今回は令和8年度(2026年度)税制改正大綱に盛り込まれた、「賃貸住宅などの貸付用不動産の相続時評価の改正」を中心に、その他の住宅や不動産に関する改正項目をピックアップして解説します。

現行の評価と評価減の理由

賃貸用不動産の流通価格と相続税評価額の間に乖離があることを利用したスキームは、相続税対策として広く知られています。これは税の不公平感があるとして改正されることになります。

国税庁がHPに掲示している例では、「課税時期において貸家の用に供されている家屋は、その家屋の固定資産税評価額に借家権割合と賃貸割合を乗じた価額を、その家屋の固定資産税評価額から控除して評価します。
具体的には家屋の固定資産税評価額が1,000千円、借家権割合が30%である地域で、賃貸割合が100%である場合、1,000千円-1,000千円×30%×100%で財産評価額は700千円となります」この例では賃貸用の家屋は固定資産税評価額の70%になるということです。

固定資産税評価額は、概ね時価の70~80%程度に設定されています。そのため時価(=流通価格)と比較すると、評価額は70%×70%=49%となり、約半額の評価となります。
この評価に基づいて相続税が課税されるため、現金で保有すれば、その評価は(言うまでもなく)100%となります。
この例では課税評価額が51%減らせることになります。現行の制度では、この原則の計算方法で計算した際に、著しく問題があると国税庁が判断した場合には、個別に評価することになっています。

しかし、これまでの評価方法では公平性を保つことが難しく(指摘を受けた側が、不運と感じてしまう状況)、また納税者にとっても「どう評価されるかわからない」という不安な状況となります。

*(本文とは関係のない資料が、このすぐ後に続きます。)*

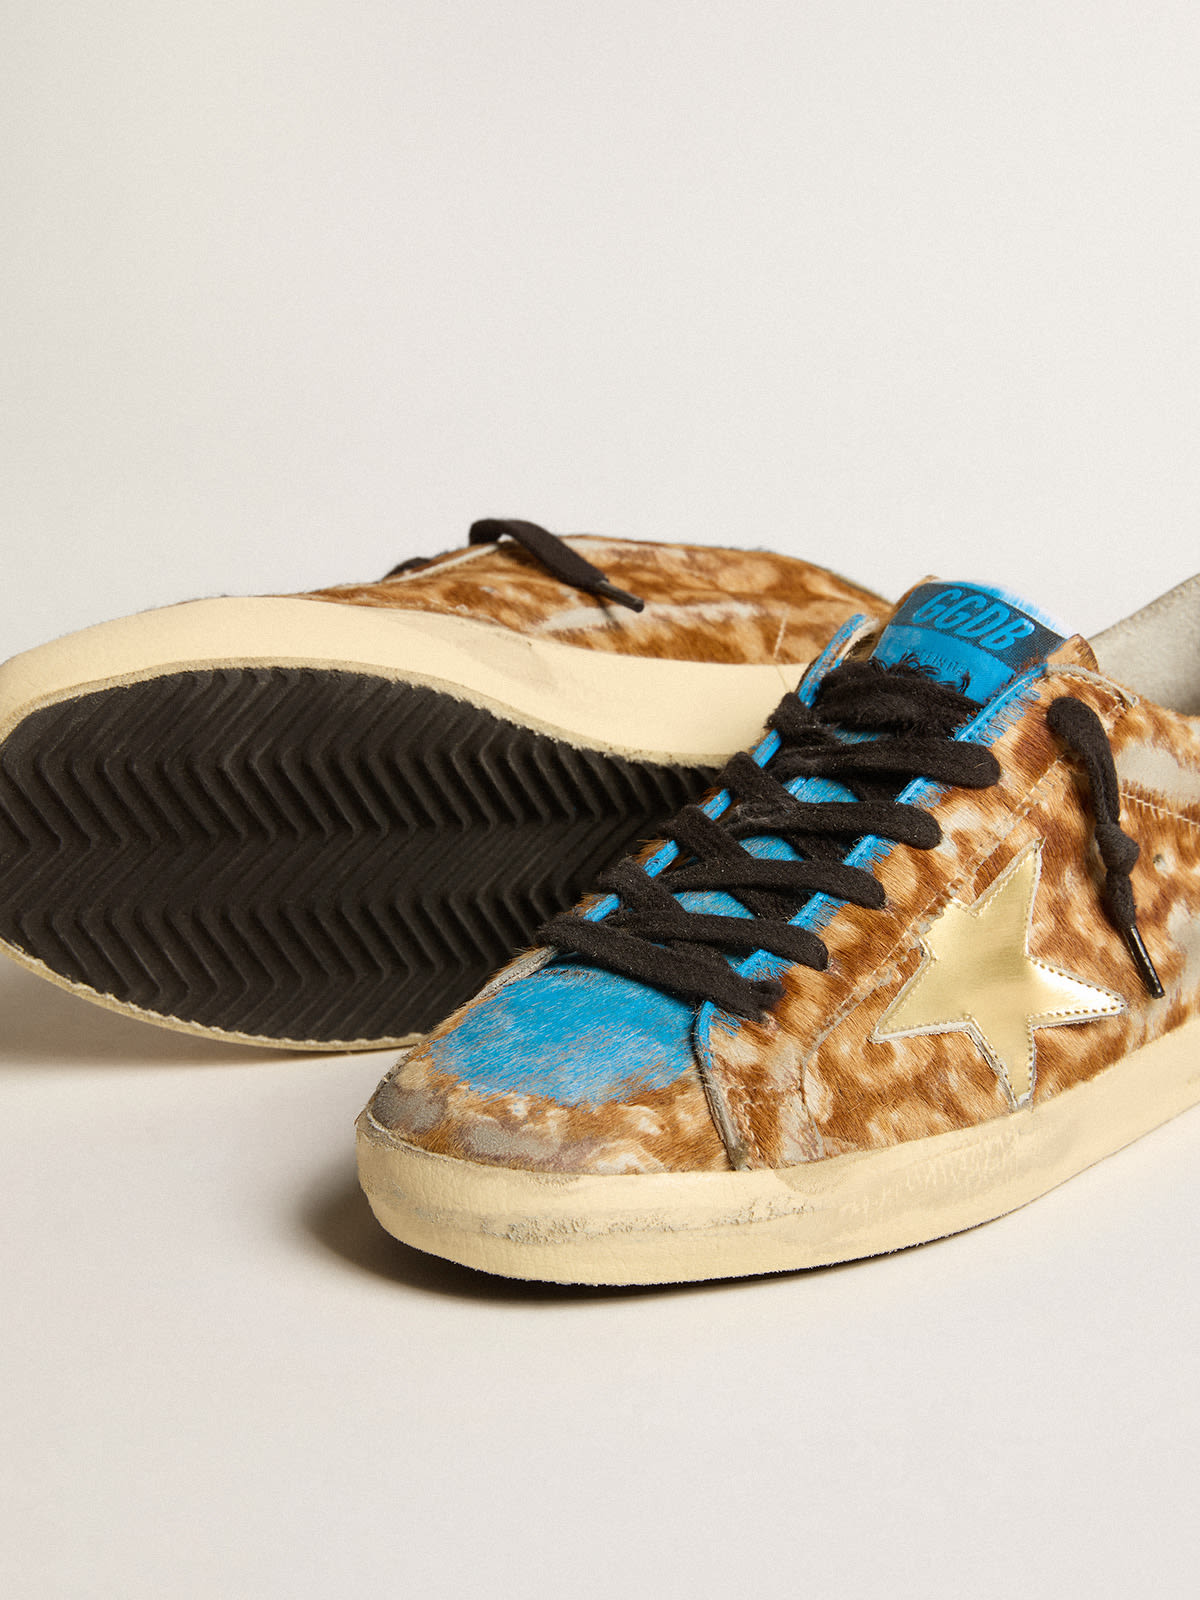 Golden Goose - Men’s Super-Star LAB in leopard pony skin with gold star and gray heel tab in

こうした課題を解消するために、今回の改正が行われたのです。

改正の内容

相続税法は基本的には「時価主義」を採っており、貸付用不動産(=賃貸住宅など)の市場価格と相続税評価額との乖離の実態を踏まえて、その取引実態等を考慮し、以下の見直しが行われます。
以下「※財務省公表資料 令和8年度税制改革大綱」より引用。

「被相続人等が課税時期前5年以内に対価を伴う取引により取得又は新築をした一定の貸付用不動産については、課税時期における通常の取引価額に相当する金額によって評価する」
(注)上記の課税時期における通常の取引価額に相当する金額については、課税上の弊害がない限り、被相続人等が取得等をした貸付用不動産に係る取得価額を基に地価の変動等を考慮して計算した価額の 100 分の 80 に相当する金額によって評価することができることとする。

適用時期

この改正は、令和9年(2027年)1月1日以降に相続等により取得をする財産の評価に適用されます。
つまり、相続発生日(被相続人が亡くなった日)が例えば令和9年(2027年)の2月などであれば適用対象となります。
この場合、財産の取得時期は問いませんので、例えば令和4年(2022年)3月に賃貸用住宅として購入した場合であっても、令和9年(2027年)に相続が発生すれば、土地・建物とも適用されます。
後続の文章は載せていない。